Results: A total of 165 unique records were screened for eligibility and 15 were included in the review. Most studies applied ML methods during emergency medical dispatch (7/15, 47%) or used chatbot applications (5/15, 33%). Patient demographics and health status variables were the most common predictors, with a notable absence of social variables. Frequently used ML models included support vector machines and tree-based methods. ML-enhanced models typically outperformed conventional triage algorithms, and we found a wide range of methods used to establish ground truth labels.
Conclusions: This scoping review observed heterogeneity in dataset size, predictors, clinical setting (triage process), and reported performance metrics. Standard structured predictors, including age, sex, and comorbidities, across articles suggest the importance of these inputs; however, there was a notable absence of other potentially useful data, including medications, social variables, and health system exposure. Ground truth labeling practices should be reported in a standard fashion as the true model performance hinges on these labels. This review calls for future work to form a standardized framework, thereby supporting consistent reporting and performance comparisons across ML-enhanced prehospital triage systems.
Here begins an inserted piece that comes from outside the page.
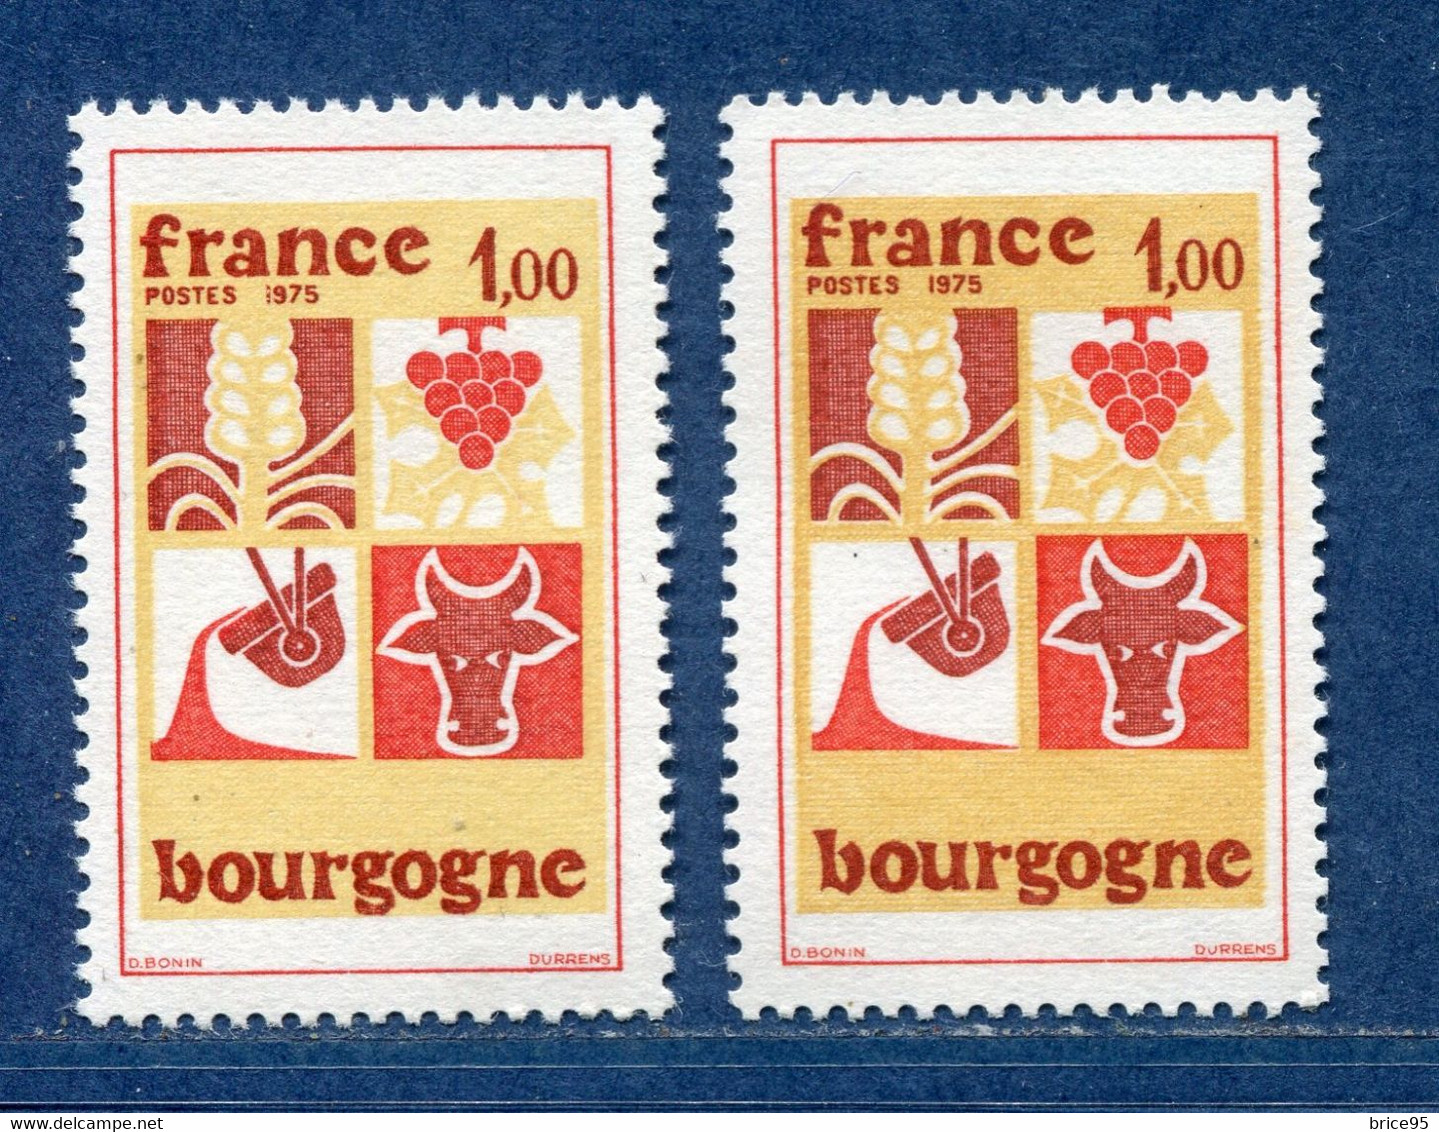 ⭐ France - Variété - YT N° 1848 - Couleurs - Pétouille - Neuf Sans Charnière - 1975 ⭐ - Nuevos

背景:院前远程医疗分诊系统与机器学习(ML)方法相结合,有可能提高分诊的准确性,并安全地将低危重病人转到急诊科就诊。然而,针对院前环境的研究虽然有限,但却亟待开展;急诊科人满为患、患者病情恶化的现象日益普遍:在这篇范围综述中,我们试图描述现有的 ML 增强型远程医疗急诊分诊方法的特点。为了支持未来的研究,我们旨在界定使用了哪些数据源、预测因子、标签、ML 模型和性能指标,以及这些方法应用于哪些远程医疗分诊系统:在 2023 年 2 月 24 日之前,我们对多个数据库(MEDLINE、PubMed、Scopus 和 IEEE Xplore)进行了范围审查,以确定潜在的 ML 增强方法,并提取符合条件的相关研究特征,包括院前分诊设置、预测因子类型、基本真实标记方法、使用的 ML 模型和性能指标。纳入标准仅限于使用 ML 方法对未分化(非特异性疾病)人群进行紧急远程医疗服务分流。只考虑英语的初级研究。此外,只有使用远程收集的数据(而不是通过身体评估得出的数据)的研究才被纳入。为了减少偏差,我们只收录通过预定义搜索标准确定的文章,并由 3 位研究人员(DR、JS 和 KS)独立筛选所得研究。我们对研究结果进行了叙述性综合,以建立该领域的知识库,并确定即将推出的 ML 增强方法可能存在的不足:结果:共筛选出 165 条符合条件的记录,其中 15 条被纳入综述。大多数研究在紧急医疗派遣过程中应用了人工智能方法(7/15,47%)或使用了聊天机器人应用(5/15,33%)。患者人口统计学和健康状况变量是最常见的预测因素,而社会变量则明显缺乏。常用的 ML 模型包括支持向量机和基于树的方法。ML 增强模型的表现通常优于传统的分诊算法,我们发现用于建立基本真实标签的方法多种多样:本次范围界定审查在数据集规模、预测因素、临床环境(分诊流程)和报告的性能指标方面发现了异质性。不同文章中的标准结构化预测因子(包括年龄、性别和合并症)表明了这些输入数据的重要性;然而,其他可能有用的数据(包括药物、社会变量和医疗系统接触)却明显缺乏。由于模型的真实性能取决于这些标签,因此应以标准方式报告基本真实标签做法。本综述要求今后的工作形成一个标准化的框架,从而支持在经 ML 增强的院前分诊系统中进行一致的报告和性能比较。